Getting sales booked early at good levels, rather than at the best possible levels, is sometimes the best approach. That may increase your flexibility, maximize your shipping capacity, and let you keep shipping when others may be forced to sit idle, trying to outwait the inevitable basis sell-offs.

Use your logistics worksheet for preliminary harvest planning as well. Write down your bin space, subtract projected beginning inventory, and you’ll have a rough idea of how much grain you can receive without having to ship.
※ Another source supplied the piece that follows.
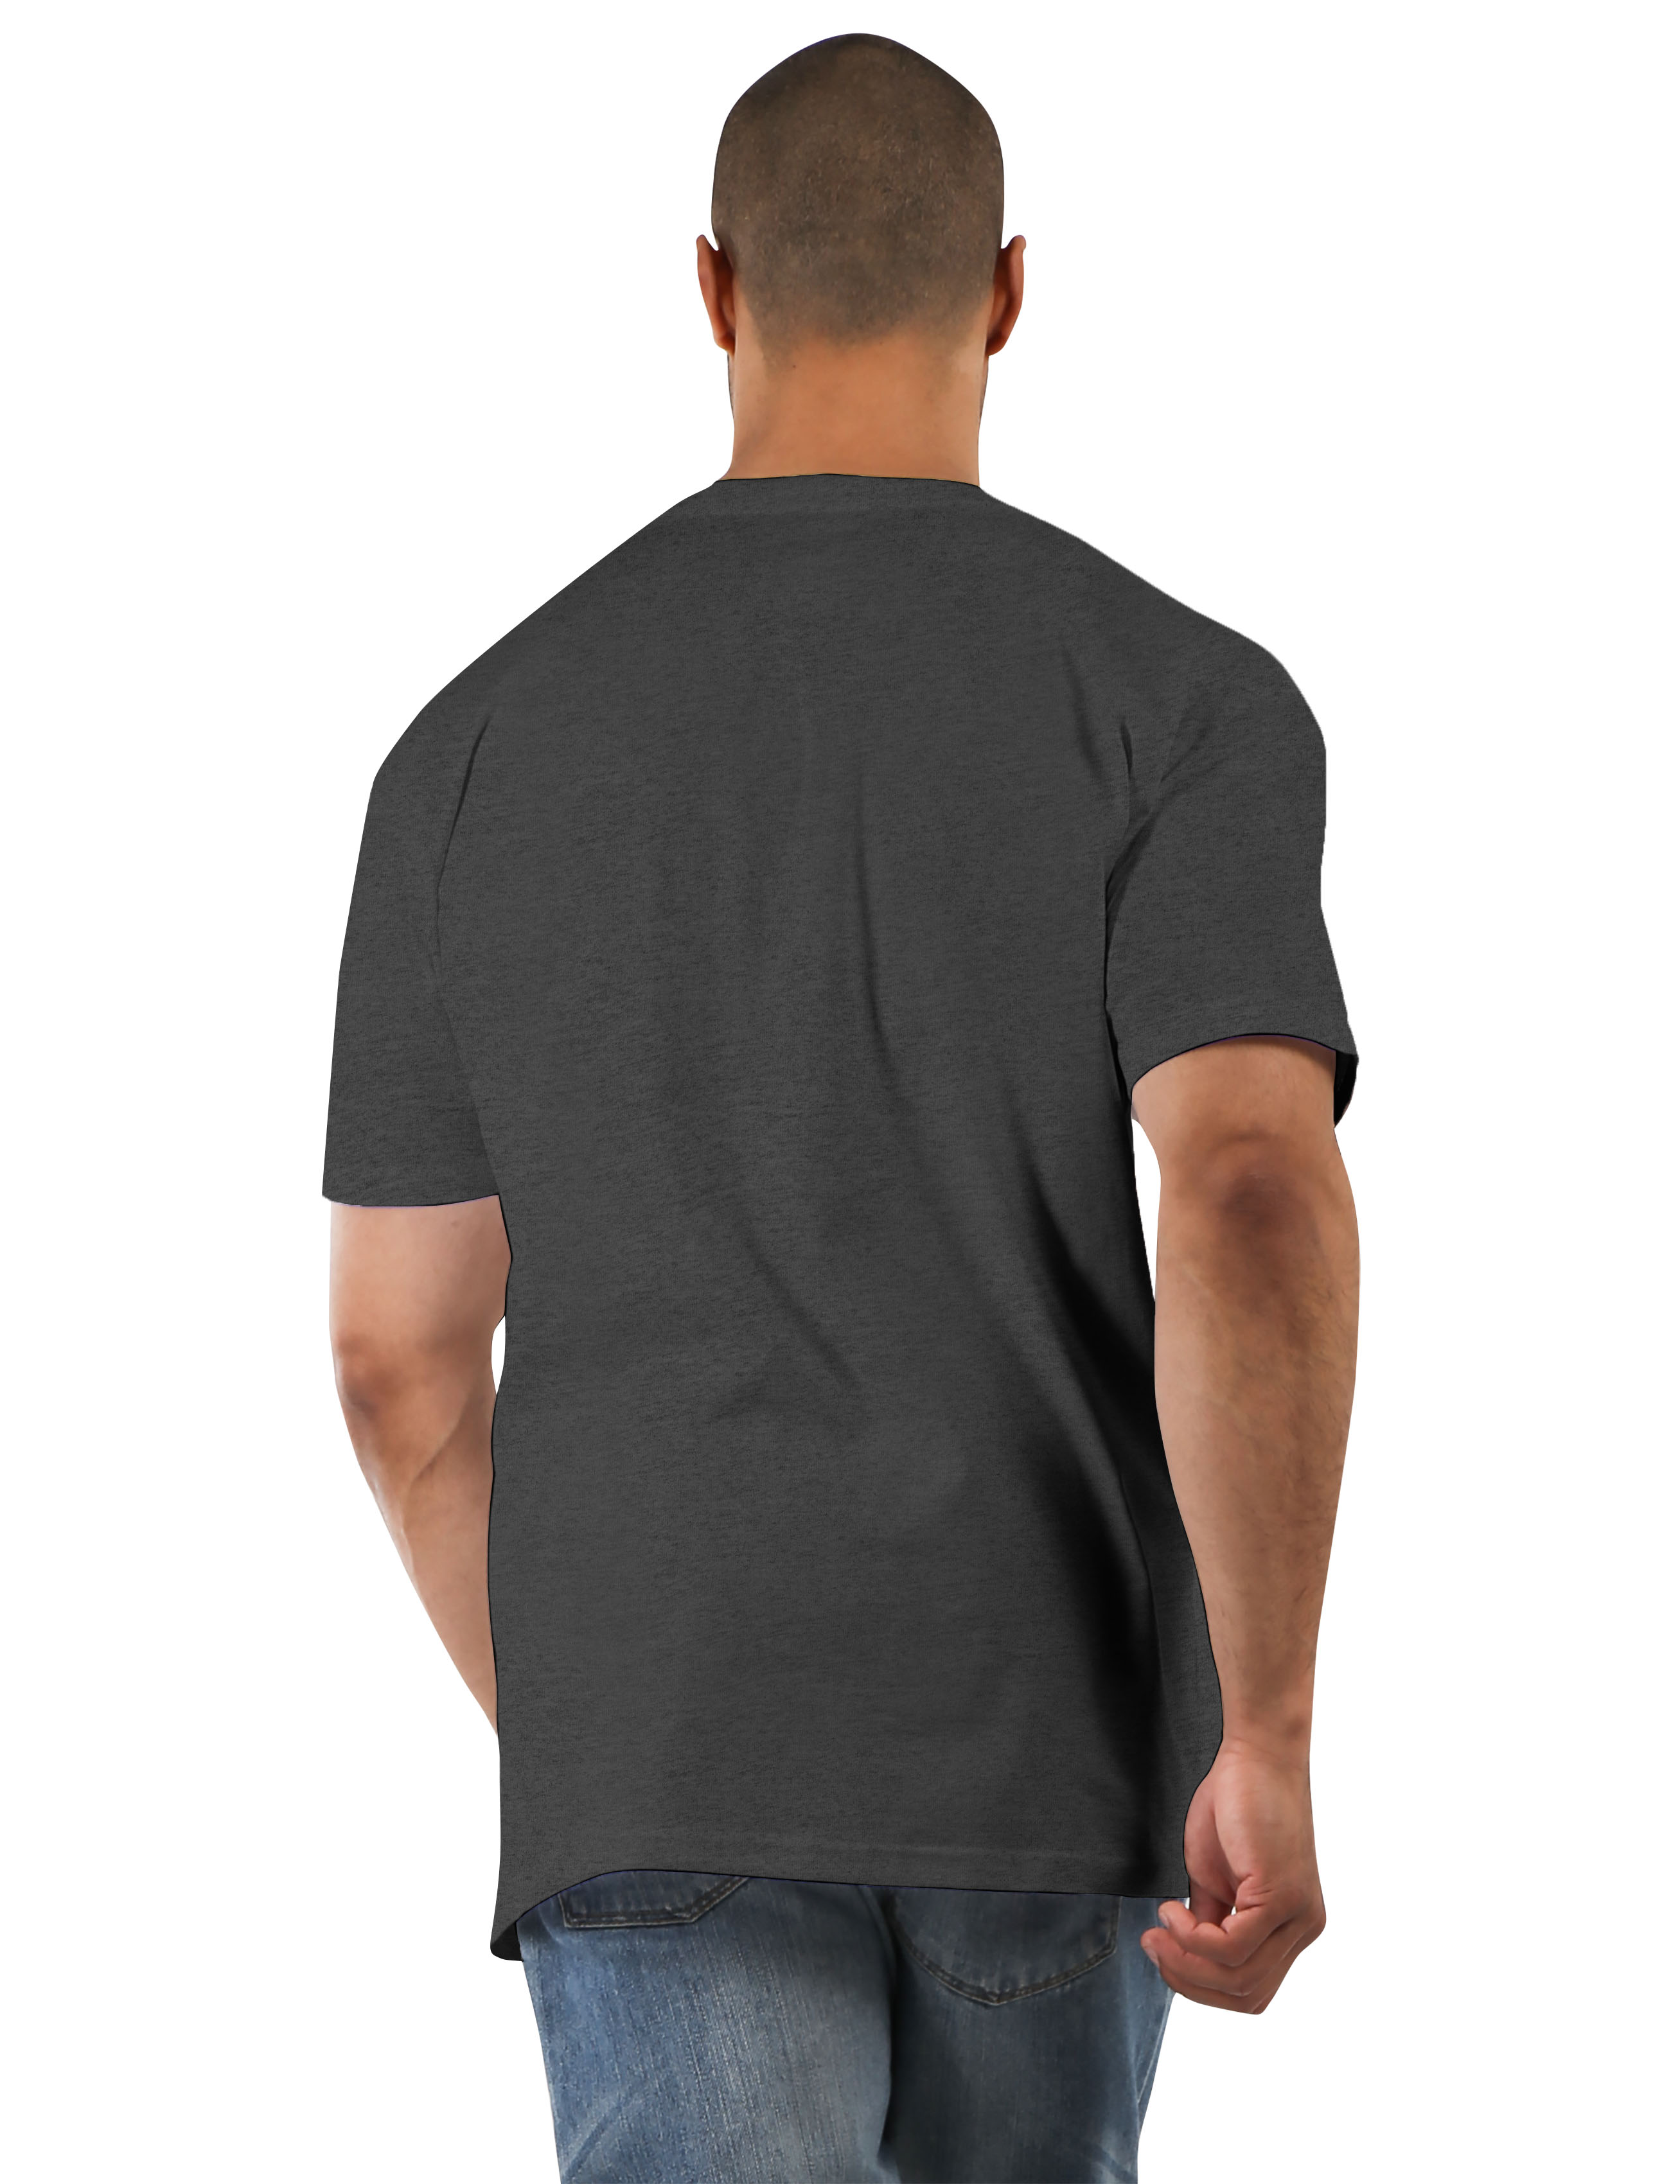 Ma Croix Mens Premium Pocket Tee Lightweight Cotton Workwear Crewneck Short Sleeve T Shirt - image 2 of 6

Then add in your total shipping capacity and you can determine the maximum volume your operation can handle in any given time frame.

This simple example shows you can receive 700,000 bushels of grain during October/November as long as you are also shipping at capacity. If you think your volume projections are realistic, you know right now that you must make sizable basis sales and ship every day during harvest. Selling more than 300,000 bushels won’t help in this case — according to your own blueprint this is the limit of your facility’s October/November shipping capacity. If you think receipts will exceed the calculated maximum, you need other arrangements such as going on the ground. The value is in knowing early, well before harvest, what you’ll face later, giving you plenty of time to make careful management decisions.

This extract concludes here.